Overall STI strategy: The 2009 Strategy for American Innovation: Driving towards Sustainable Growth and Quality Jobs was updated in 2011 and is the basis of the government's push to further an innovation-based economy. It has three goals: a world-class workforce with 21st century skills; competitive markets that spur productive entrepreneurship; and breakthroughs in national priorities.
STI policy governance: There is no central administration exclusively in charge of innovation. The Office of Science and Technology Policy gives policy advice and co-ordinates STI policies. Key agencies in the Commerce Department are the National Institute of Standards and Technology and the US Patent and Trademark Office. The Commerce Department established an Office of Innovation and Entrepreneurship and a National Advisory Council on Innovation and Entrepreneurship. In January 2012, a COMPETES progress report provided findings on basic research, education, research infrastructure, and support for manufacturing. The National Science Foundation's (NSF) Science of Science and Innovation Policy (SciSIP) and Science of Science Policy (SOSP) are building a knowledge base to improve policy evaluation.
Science base: The United States has a strong science base, but at the aggregate level, selected performance indicators are around the OECD median (Index (a)(b)(c)). Public R&D expenditures are slightly above the median, and many other OECD countries have caught up with the performance of US universities and researchers.

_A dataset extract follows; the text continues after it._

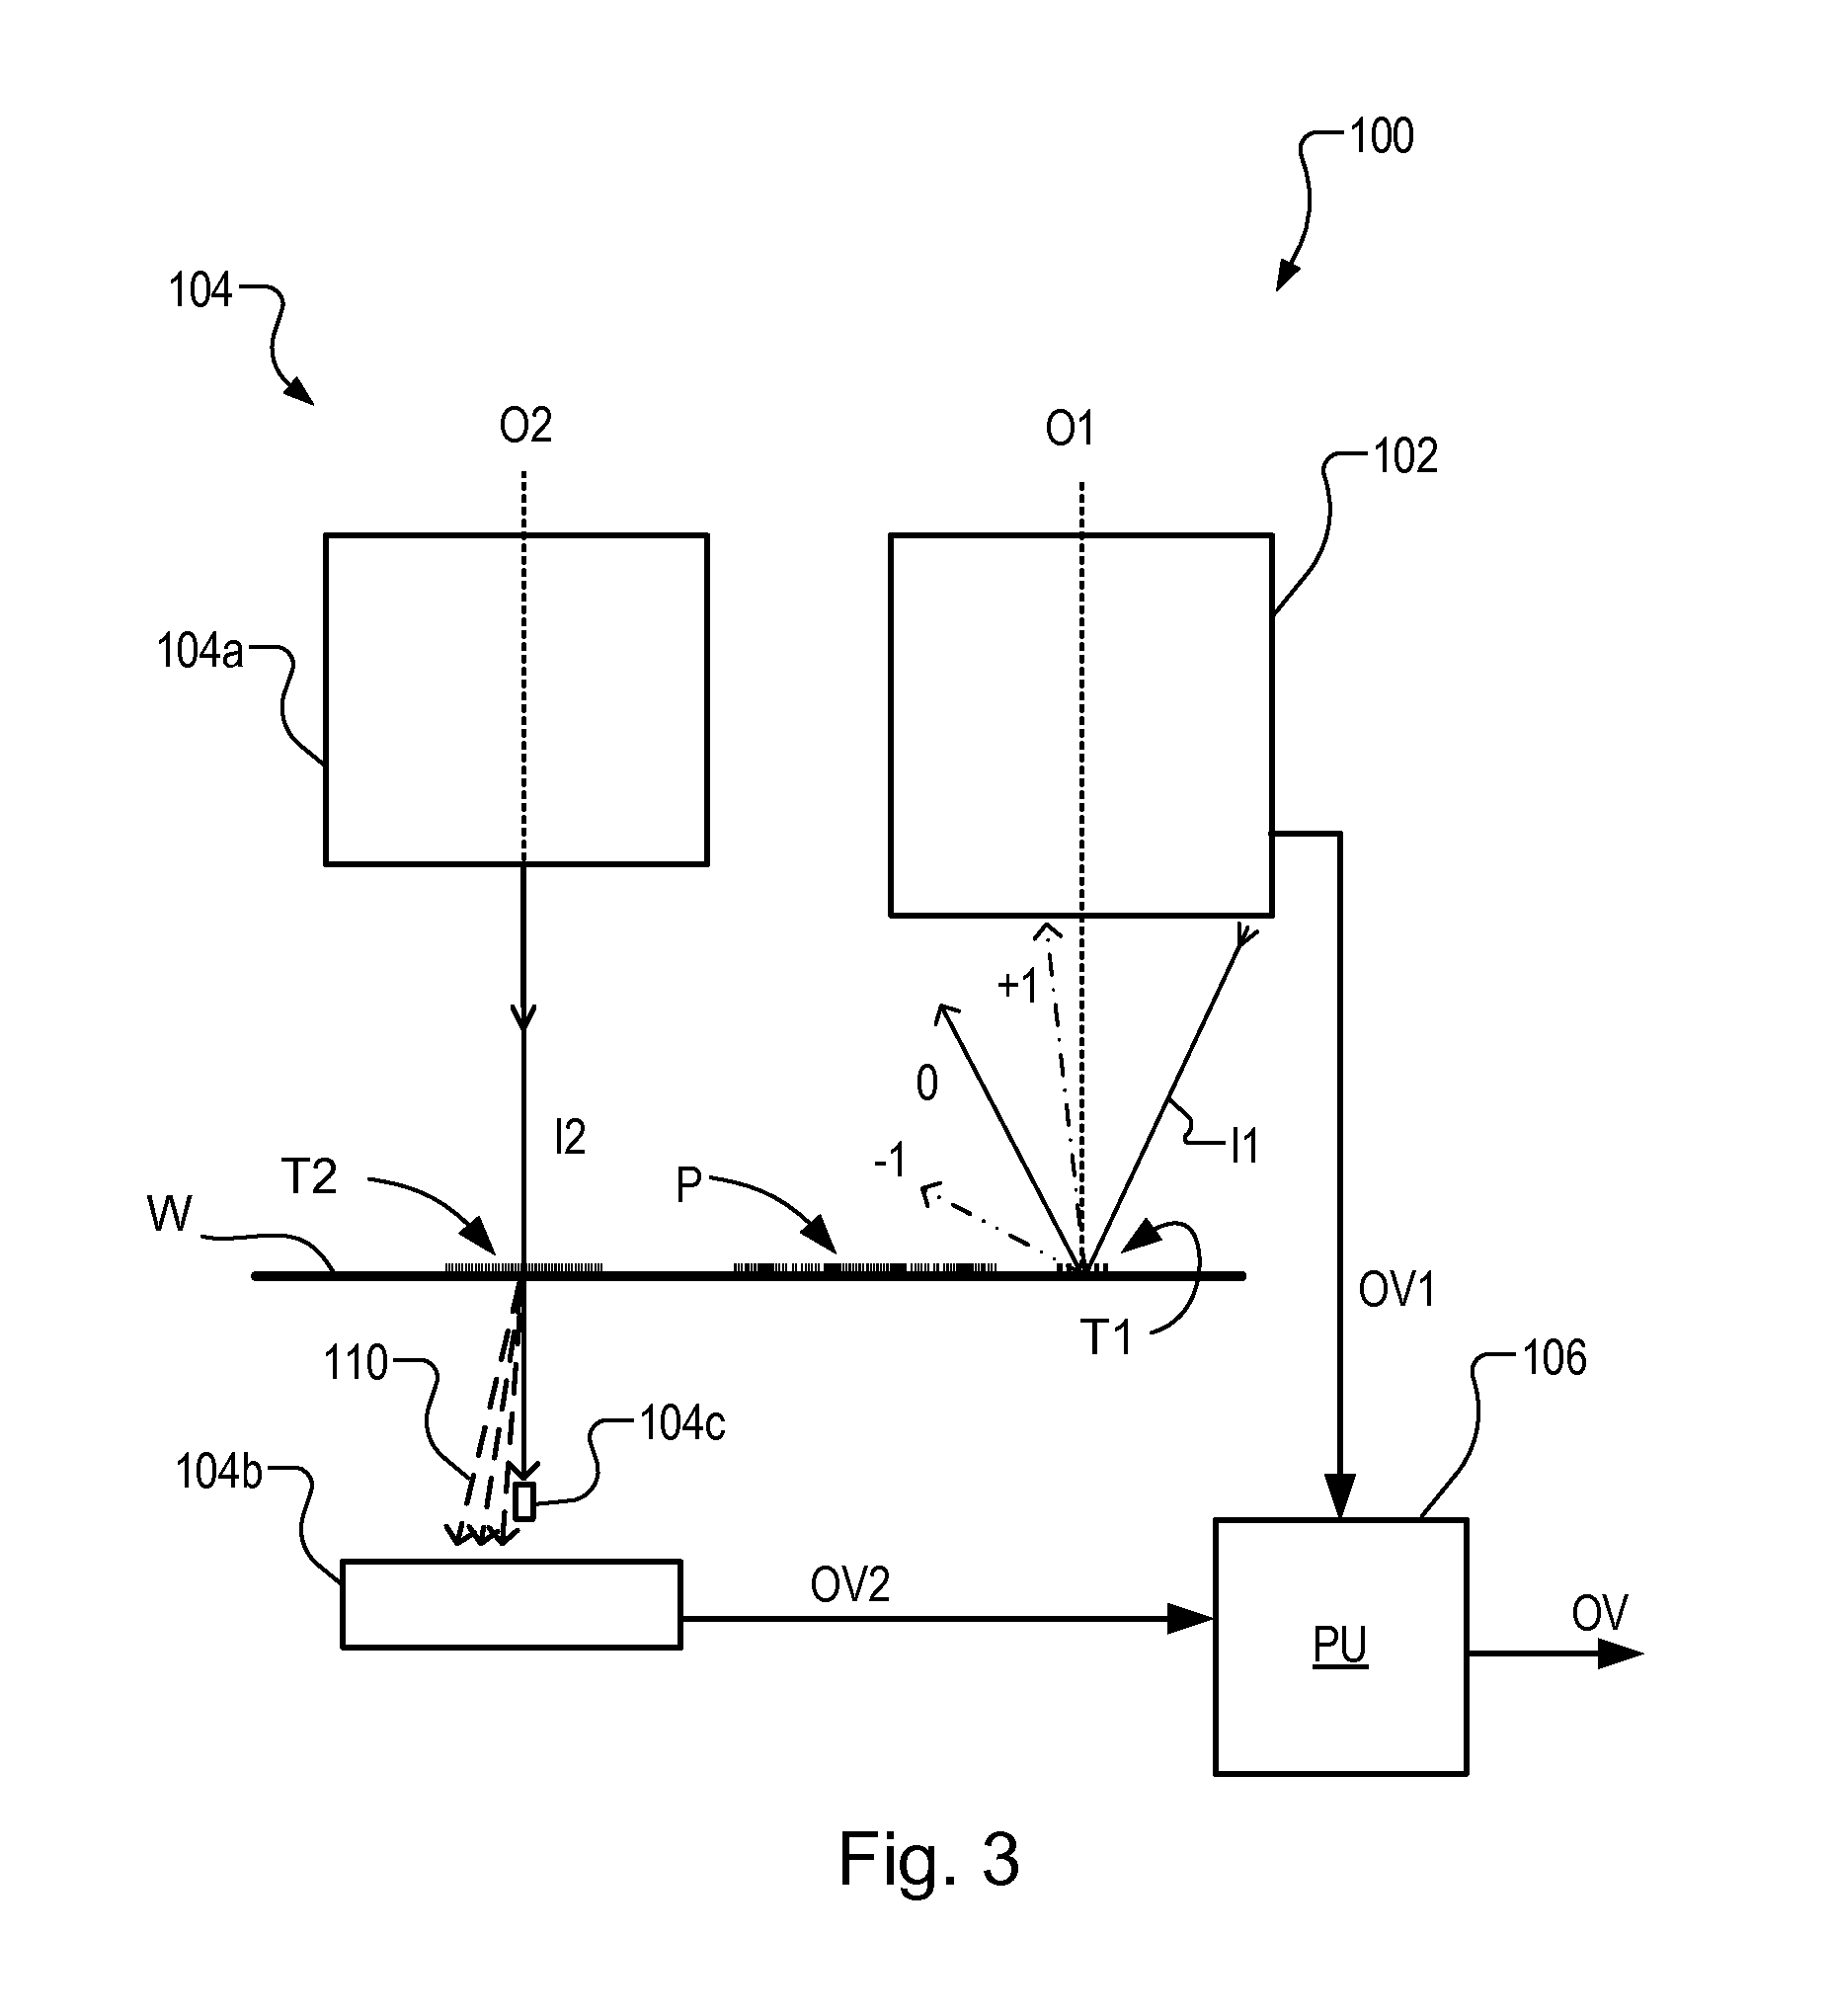 Substrate and Patterning Device for Use in Metrology, Metrology Method and Device Manufacturing Method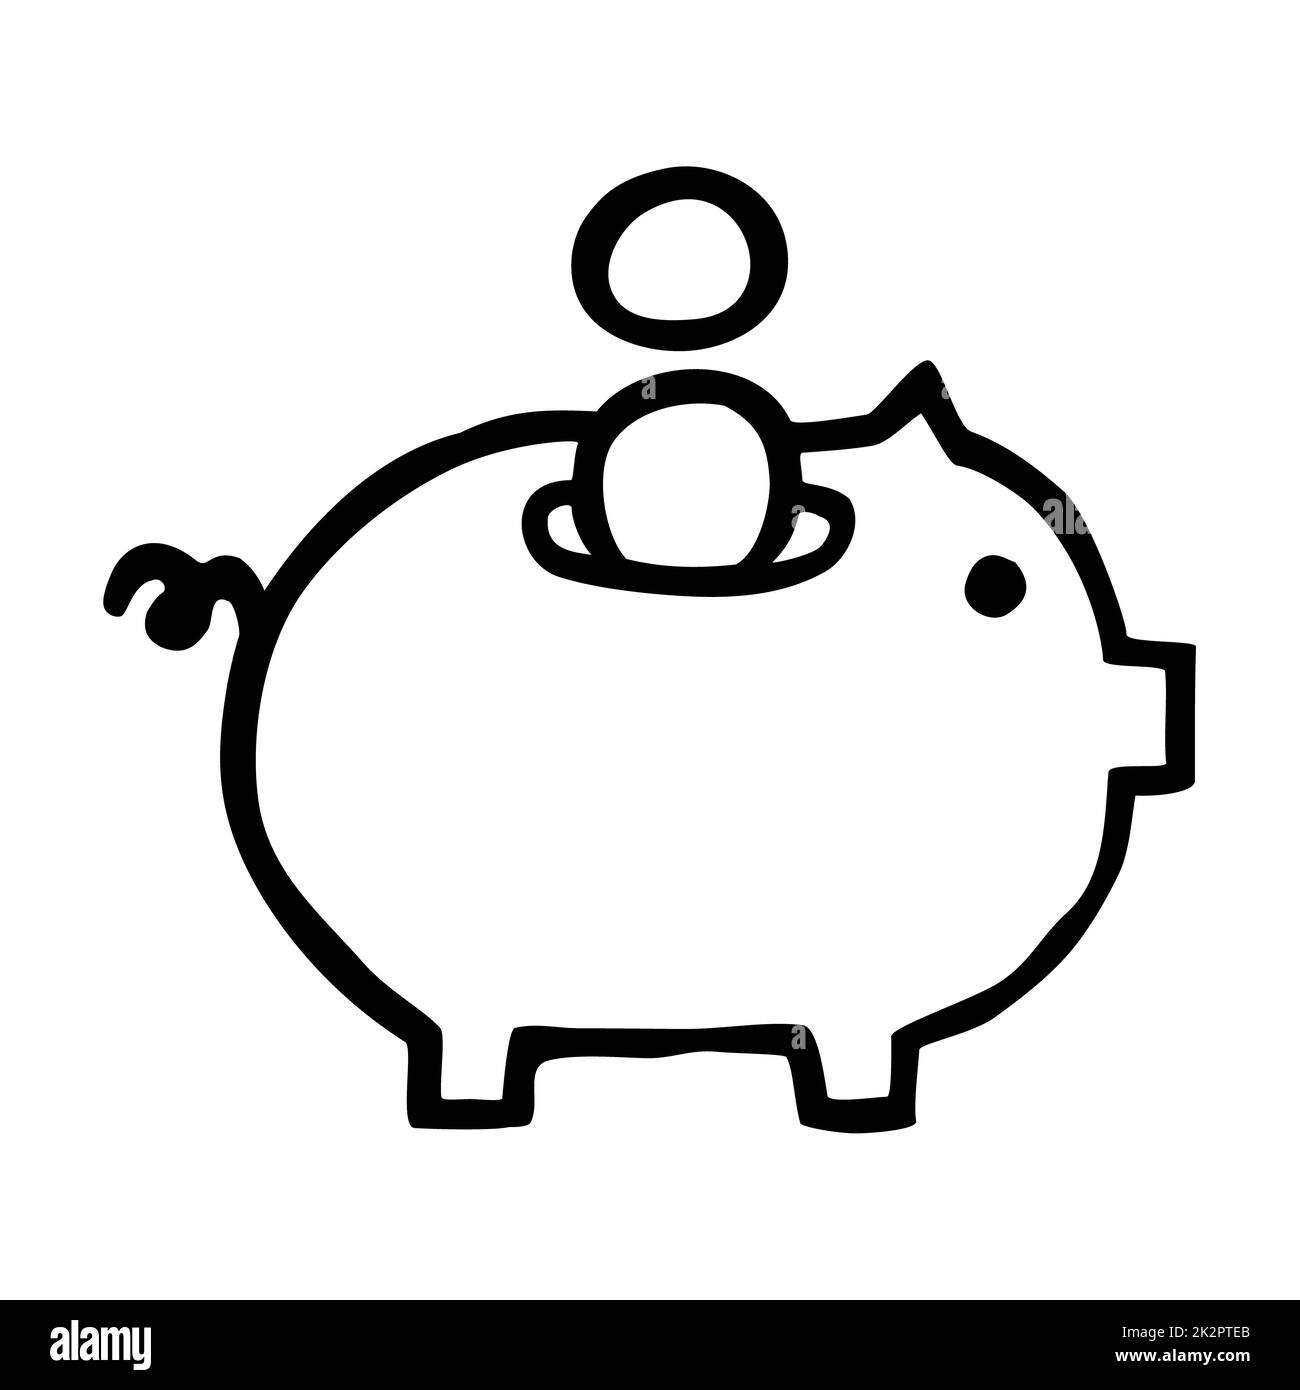 Doodle piggy bank icon or logo, hand drawn with thin black line. Stock Photo

Business R&D and innovation: To boost business R&D, the Research and Experimentation (R&E) Tax Credit is to be simplified, expanded and extended. The 2013 budget increases non-defence R&D by 5% to USD 64.9 billion. The budgets of three key science agencies – NSF, the Department of Energy Office of Science, and the National Institute of Standards and Technology laboratories – are on a long-term doubling trajectory.
Entrepreneurship: Formal entrepreneurial education programmes have been set up in recent years, and the Kauffman Foundation has allocated USD 20 million for university funding of entrepreneurship research. The Small Business Innovation Research programme offers SMEs government R&D funding opportunities. The proposed changes to the R&E tax credit will extend support for loans and tax credits to SMEs. The Startup America Initiative also encourages entrepreneurship.
ICTs and scientific infrastructures: As part of building a 21st century infrastructure, the Wireless Innovation (WIN) Fund will allocate USD 300 million to advance R&D in cutting-edge wireless technologies. This should expand access to high-speed Internet, modernise the electric grid and enhance the wireless spectrum.
Clusters and regional policies: The Economic Development Administration (EDA) promotes incubators and regional cluster development. The Small Business Administration and the EDA encourage regional innovation clusters. The Department of Defense has technology clusters for robotics, energy and cyber-security. A new proof-of-concept centre at the University City Science Center in Philadelphia and the Office of Innovation and Entrepreneurship (OIE) are key recent developments. The OIE also manages the i6 Challenge, a competitive grants programme.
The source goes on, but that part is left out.